**Exercise brief**
All of the lines below are to be transcribed faithfully, with pictures excluded from the copy.

**Data excerpt**
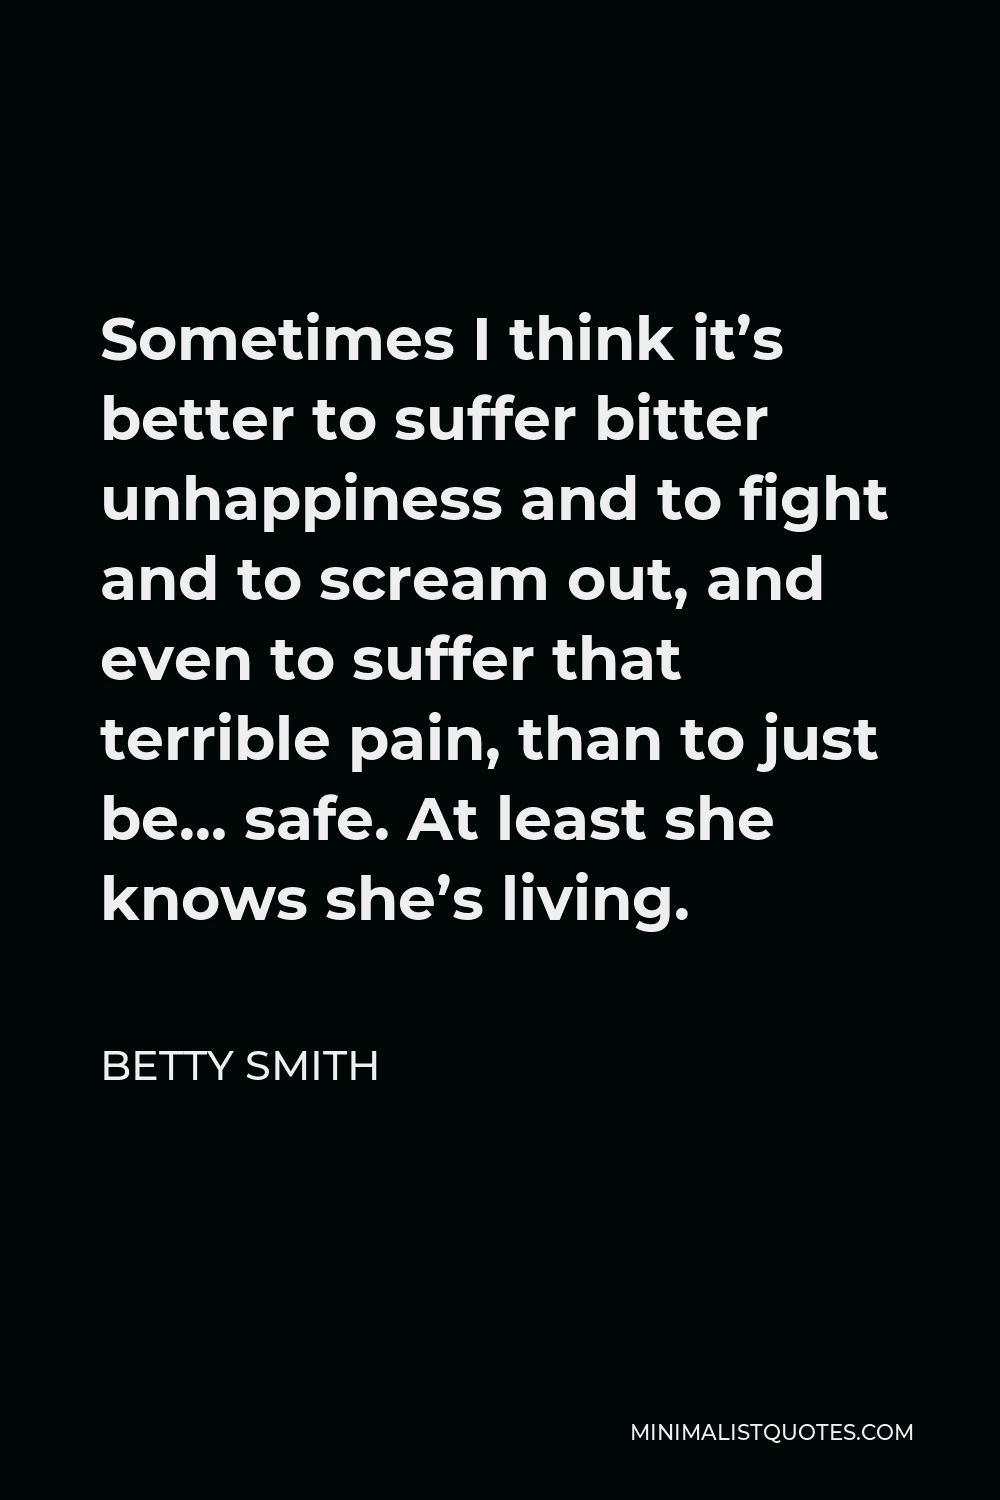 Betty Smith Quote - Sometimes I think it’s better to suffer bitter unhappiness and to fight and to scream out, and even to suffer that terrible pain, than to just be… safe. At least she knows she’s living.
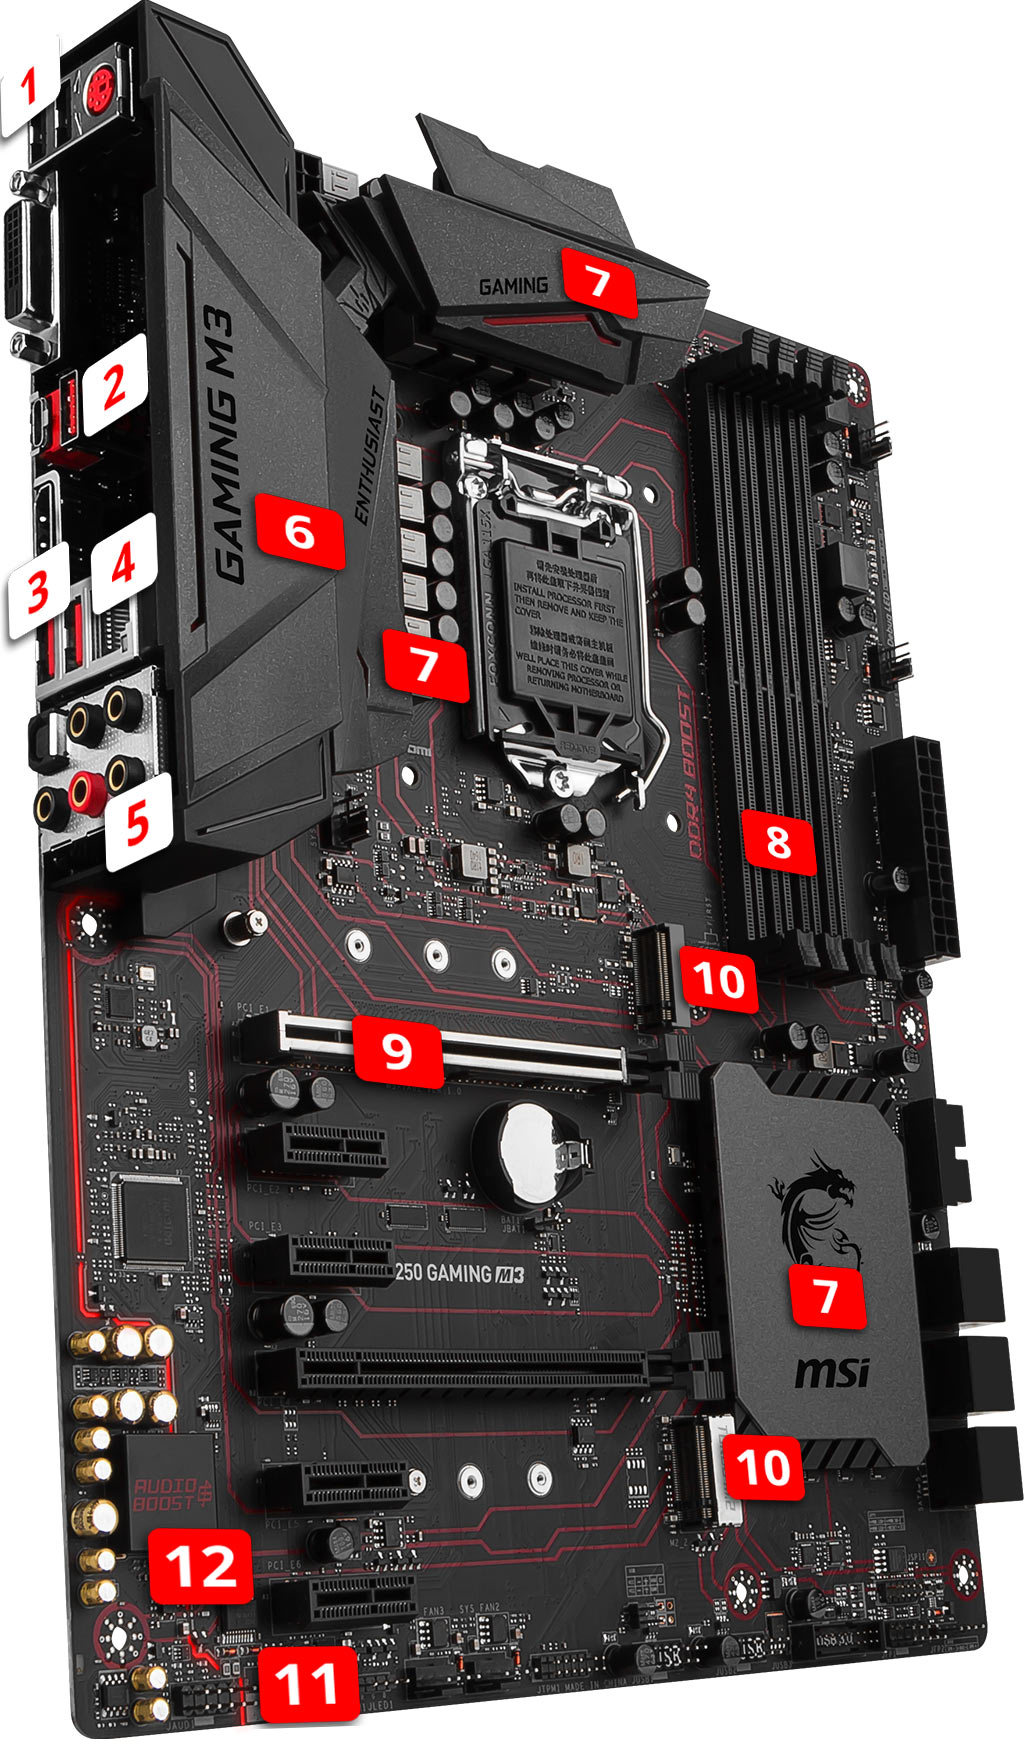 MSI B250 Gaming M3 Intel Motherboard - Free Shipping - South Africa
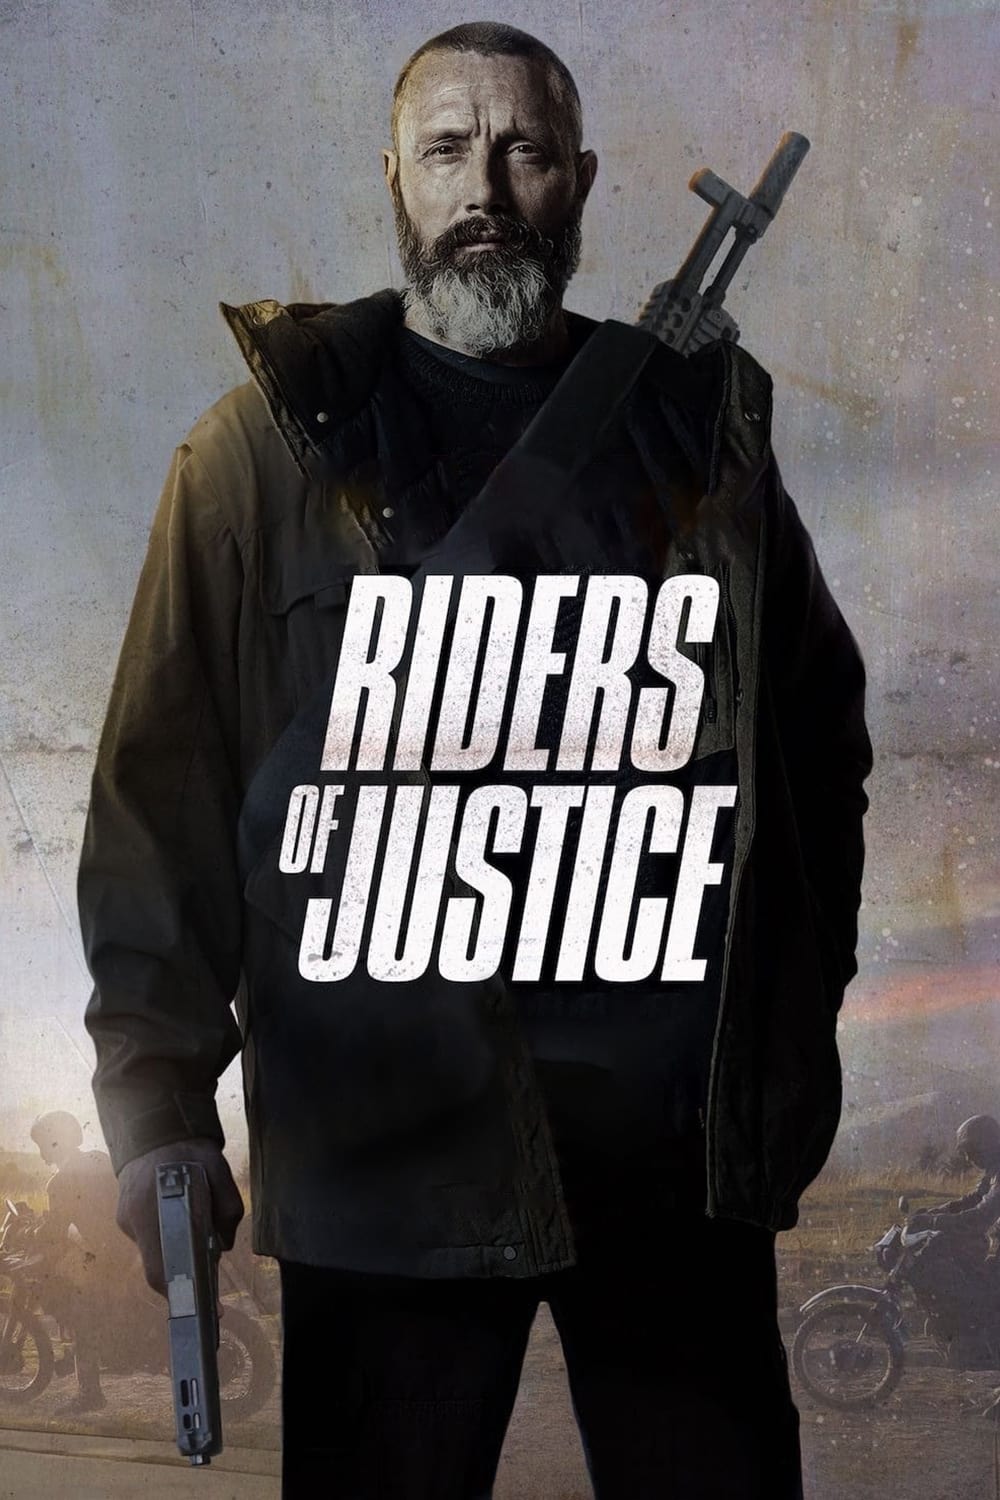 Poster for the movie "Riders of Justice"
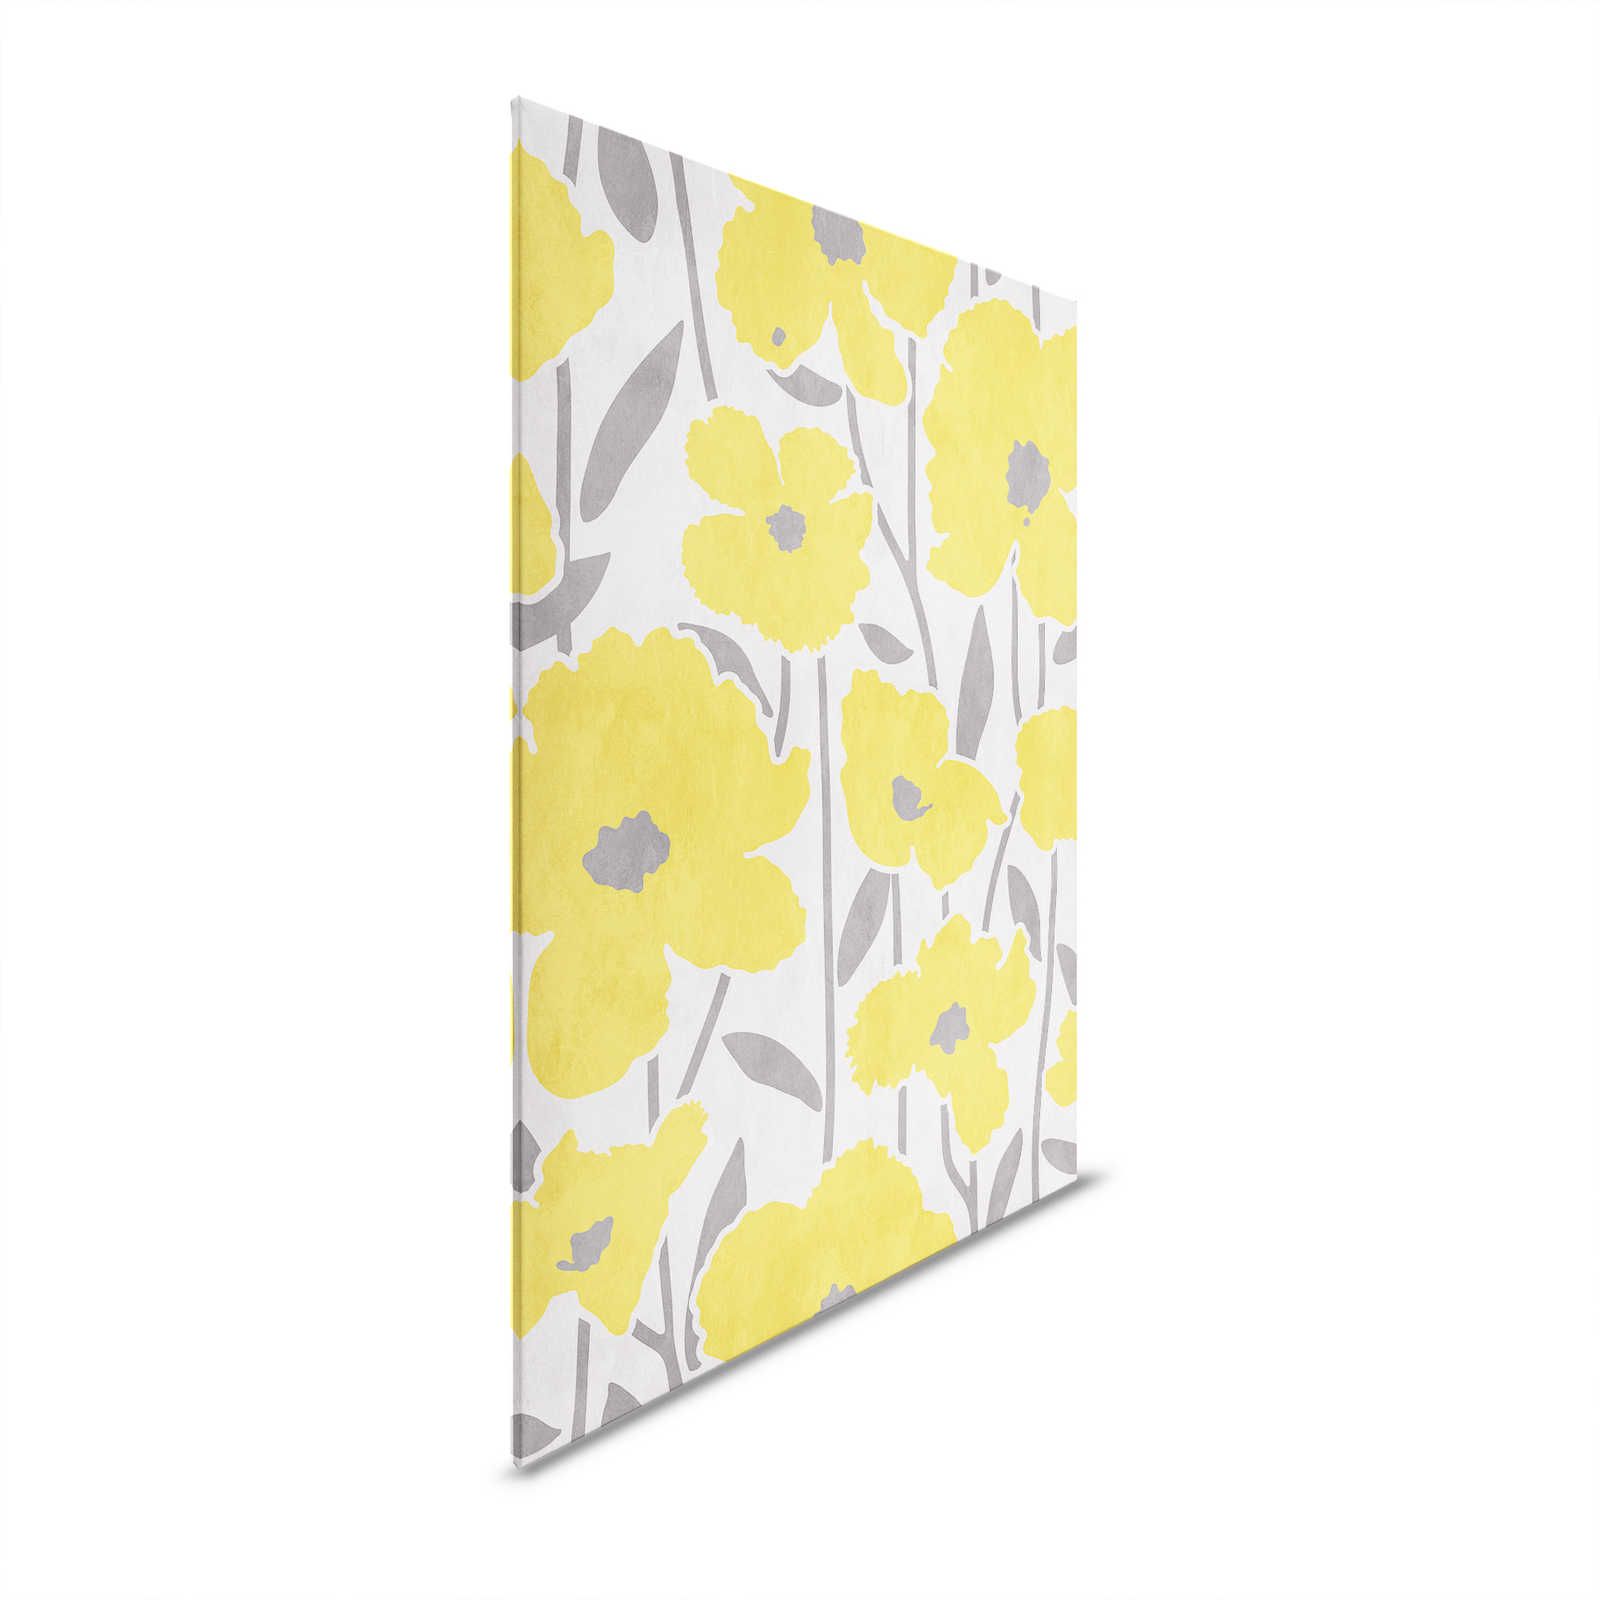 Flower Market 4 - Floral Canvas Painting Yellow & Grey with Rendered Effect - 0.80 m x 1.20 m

**Response to the exercise**
 Betty Smith Quote - Sometimes I think it’s better to suffer bitter unhappiness and to fight and to scream out, and even to suffer that terrible pain, than to just be… safe. At least she knows she’s living.
 MSI B250 Gaming M3 Intel Motherboard - Free Shipping - South Africa
 Poster for the movie "Riders of Justice"
 Flower Market 4 - Floral Canvas Painting Yellow & Grey with Rendered Effect - 0.80 m x 1.20 m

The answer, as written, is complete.